- [TASK TO CARRY OUT]
Find the line containing "Andre Ethier enjoys", then print it and each line after it through the end of the listing exactly, with no pictures.

- [RAW DATA]
"""

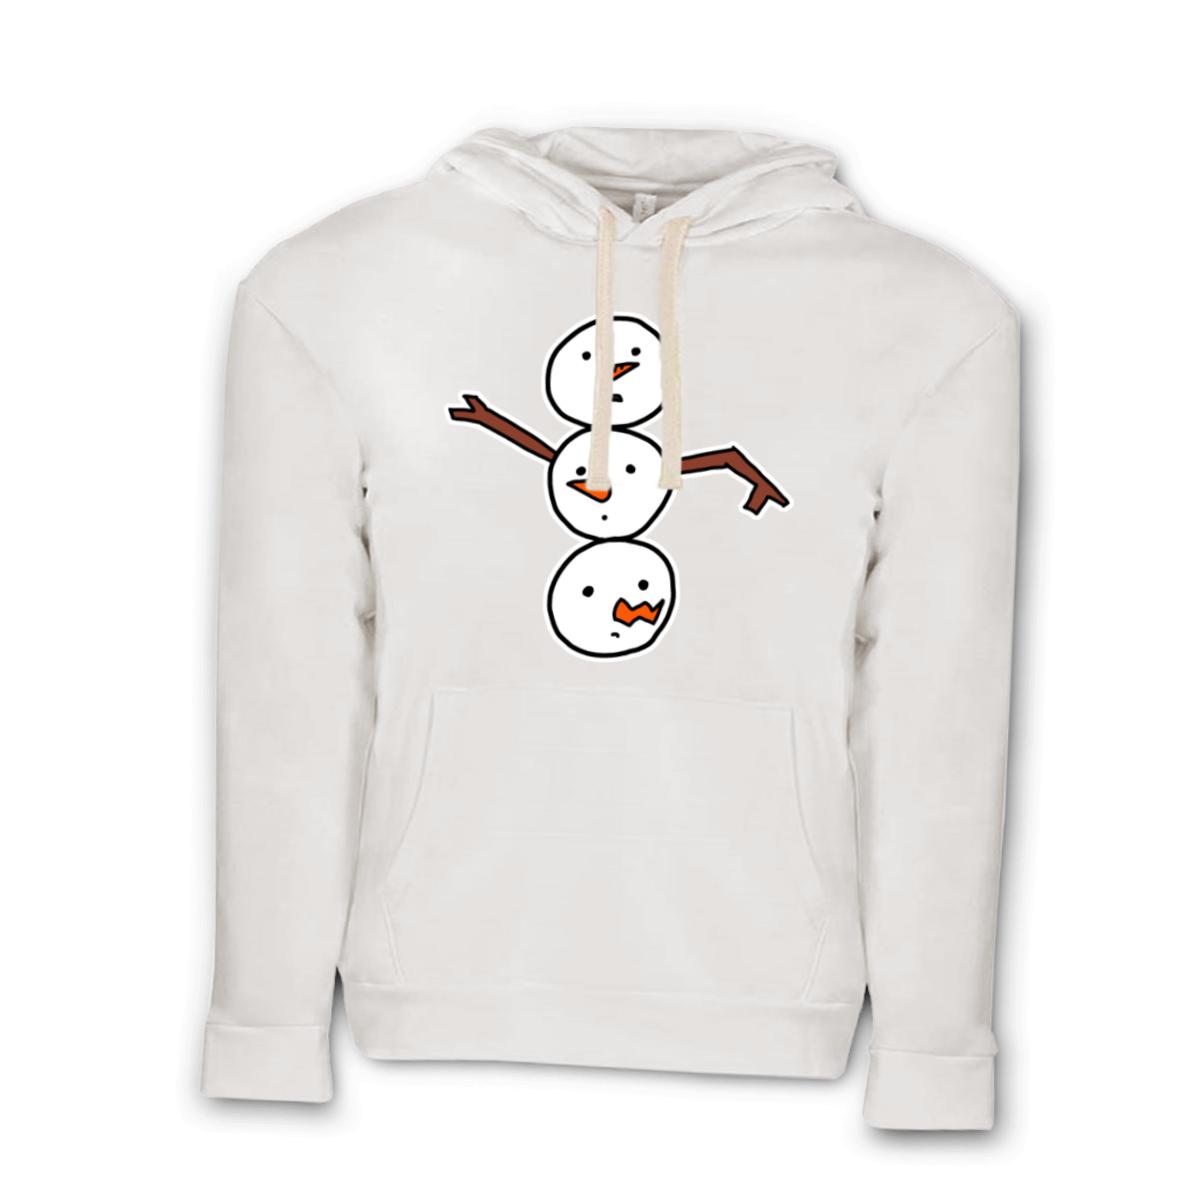 Snowman All Heads Unisex Pullover Hoodie Large white
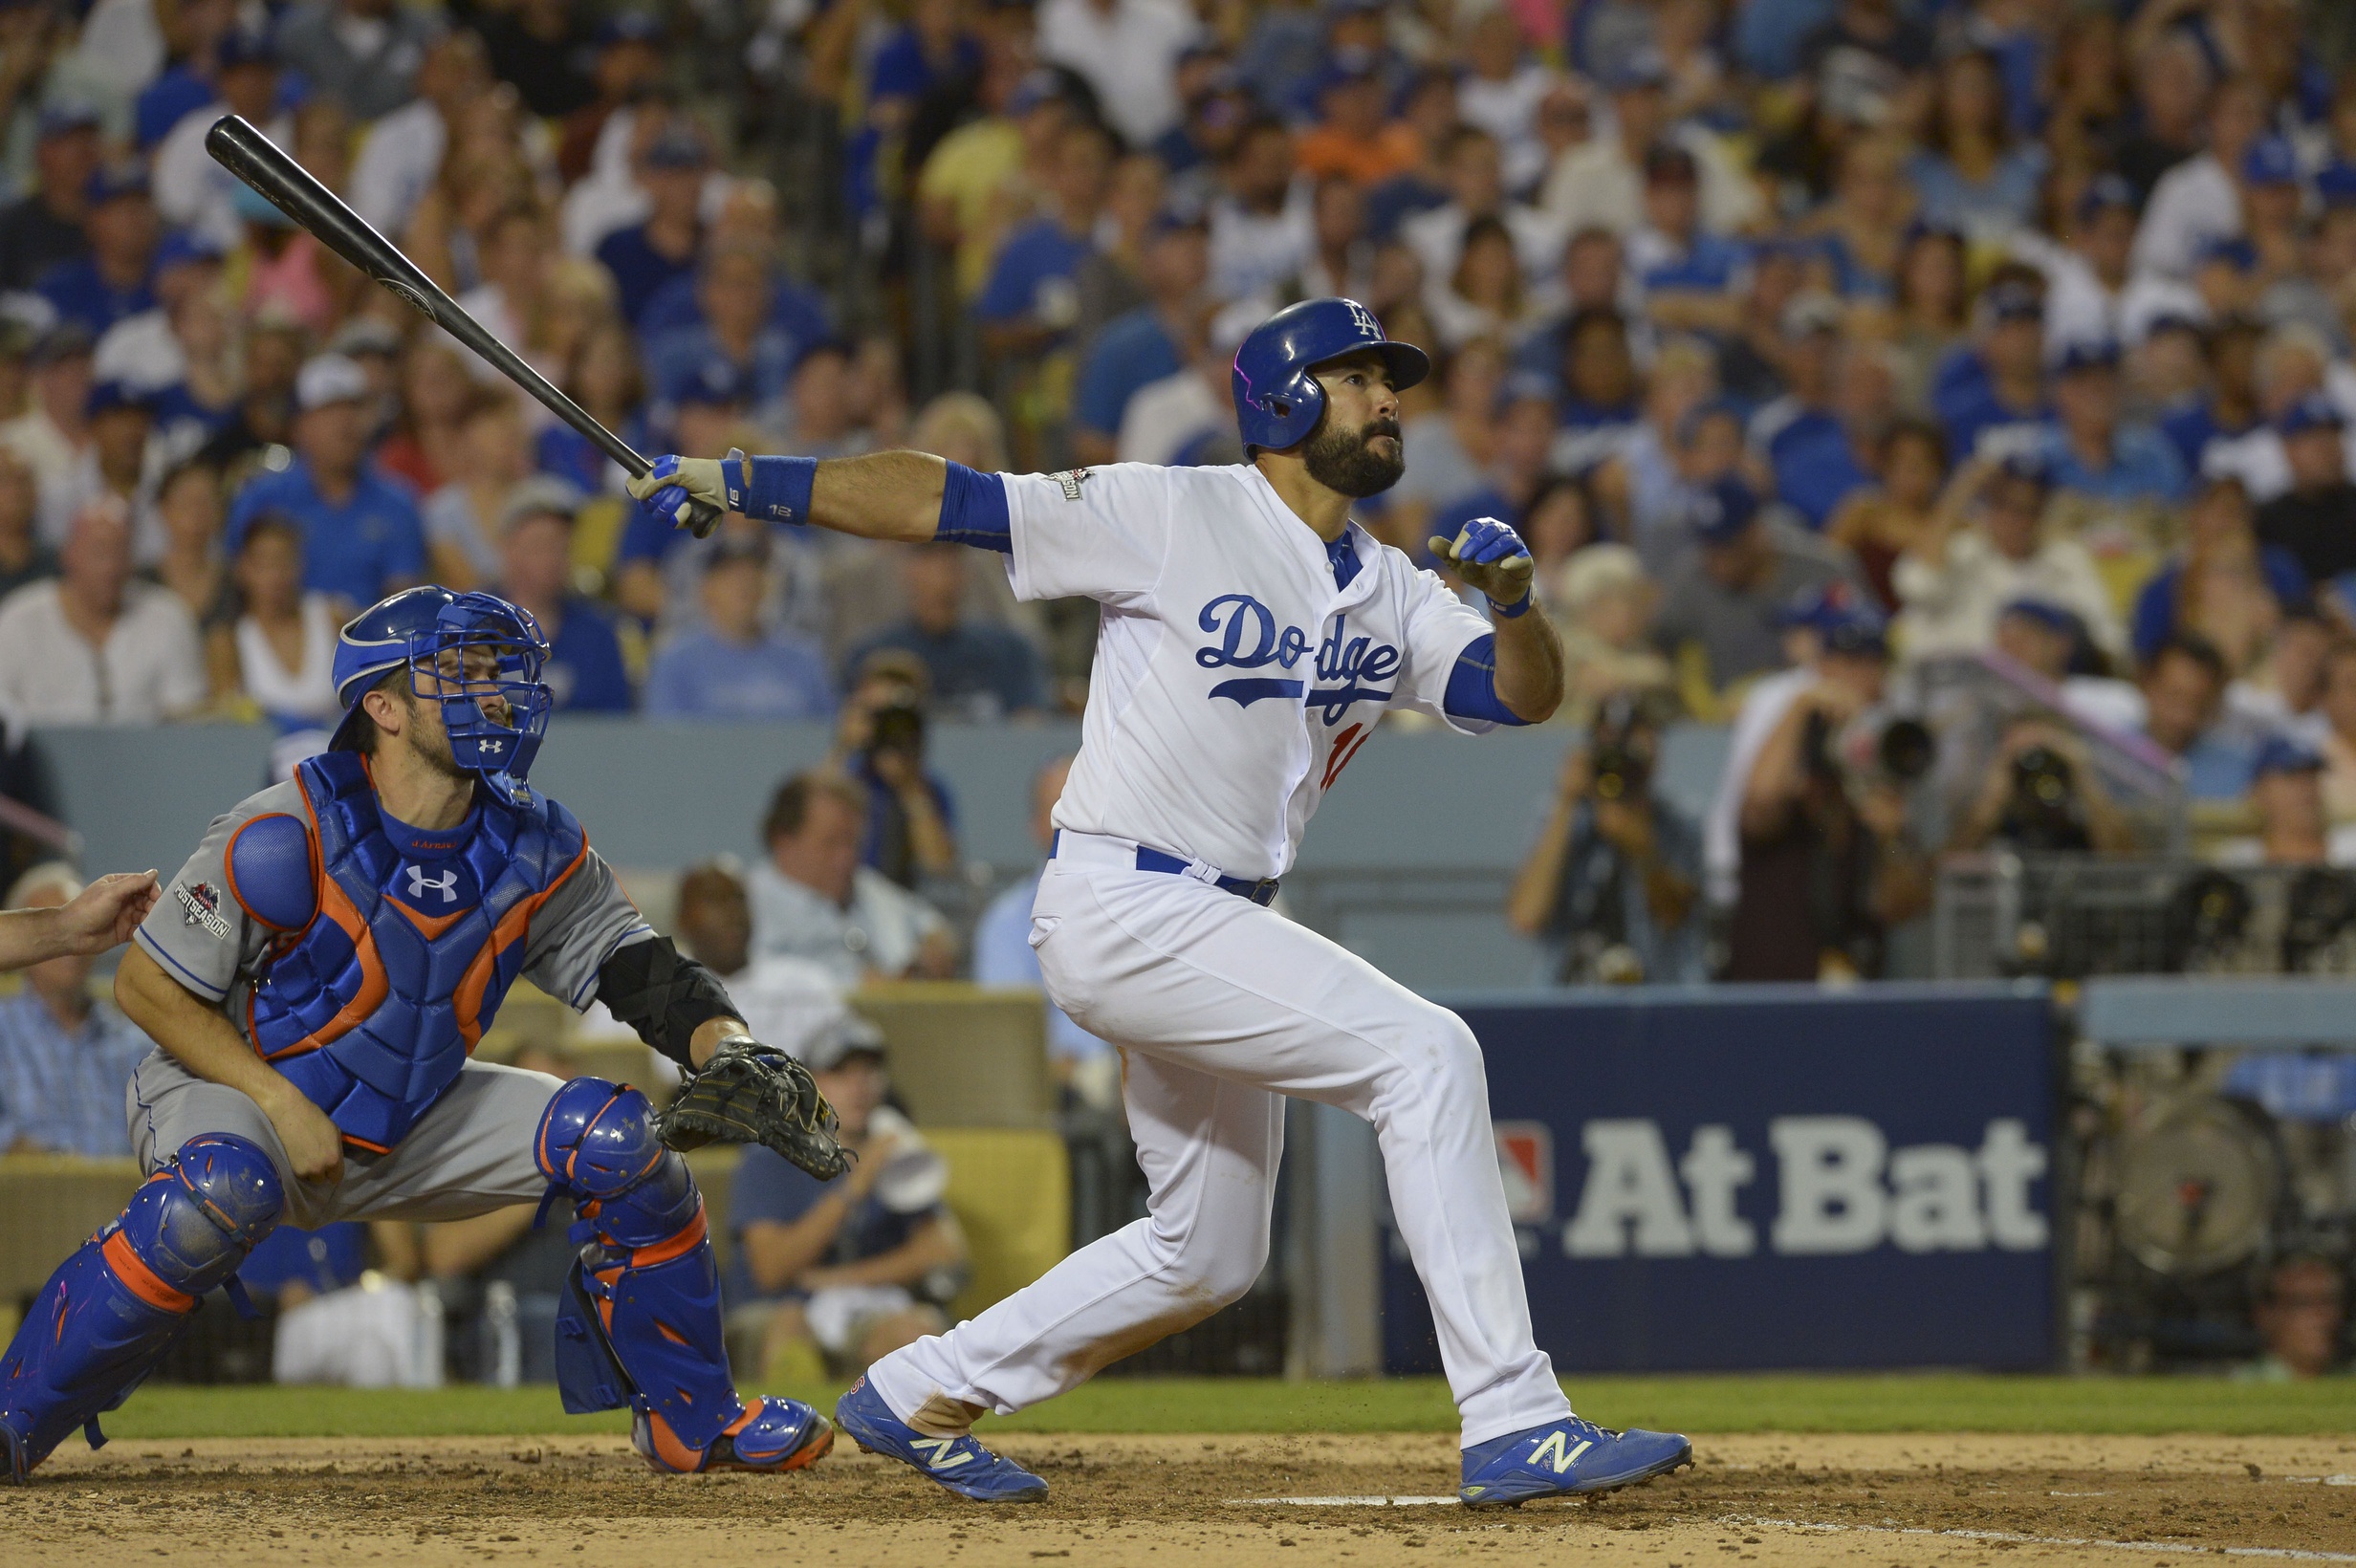 Andre Ethier enjoys connecting with Cooperstown
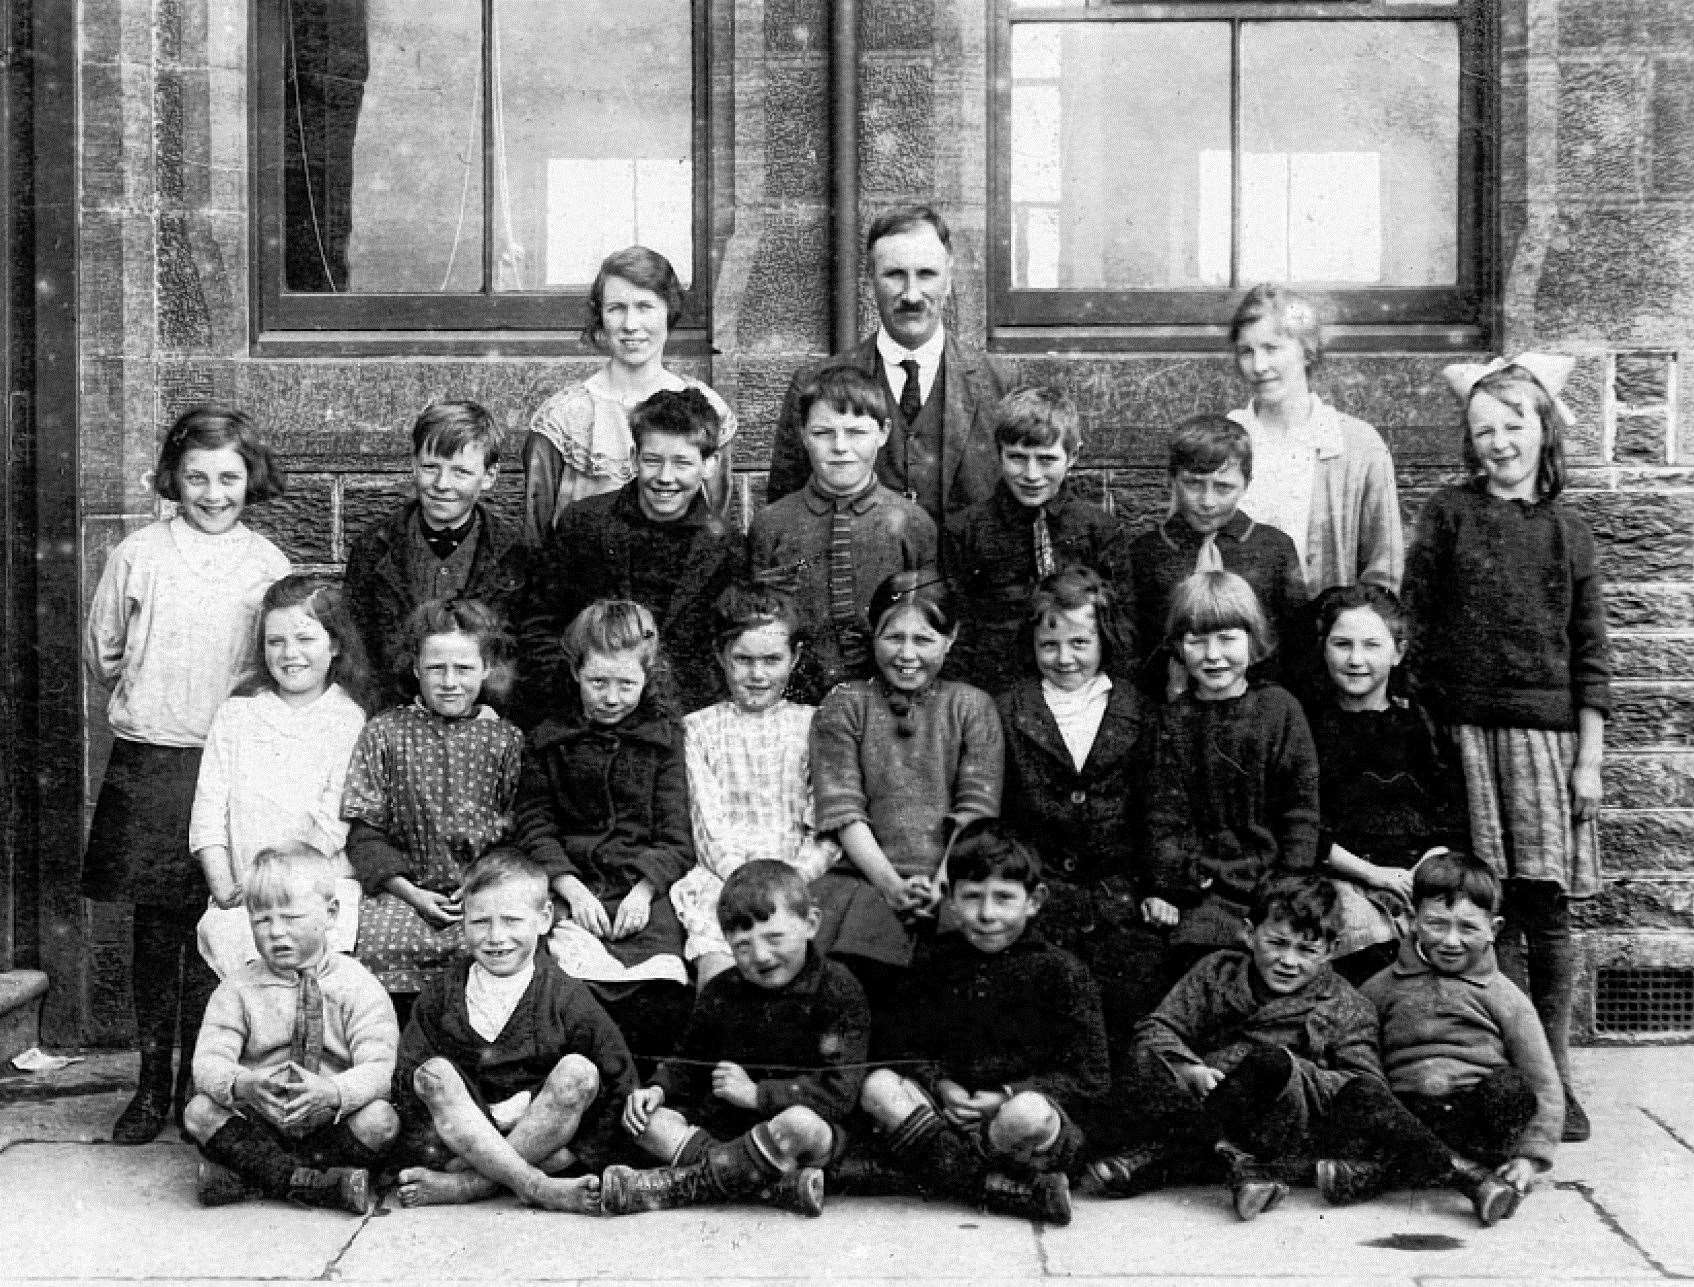 Keiss school, probably in the 1930s. The group is believed to include headmaster Mr Sutherland and teachers Miss Budge and Miss Bremner.

"""

- [FINISHED EXERCISE]
 Andre Ethier enjoys connecting with Cooperstown
 Keiss school, probably in the 1930s. The group is believed to include headmaster Mr Sutherland and teachers Miss Budge and Miss Bremner.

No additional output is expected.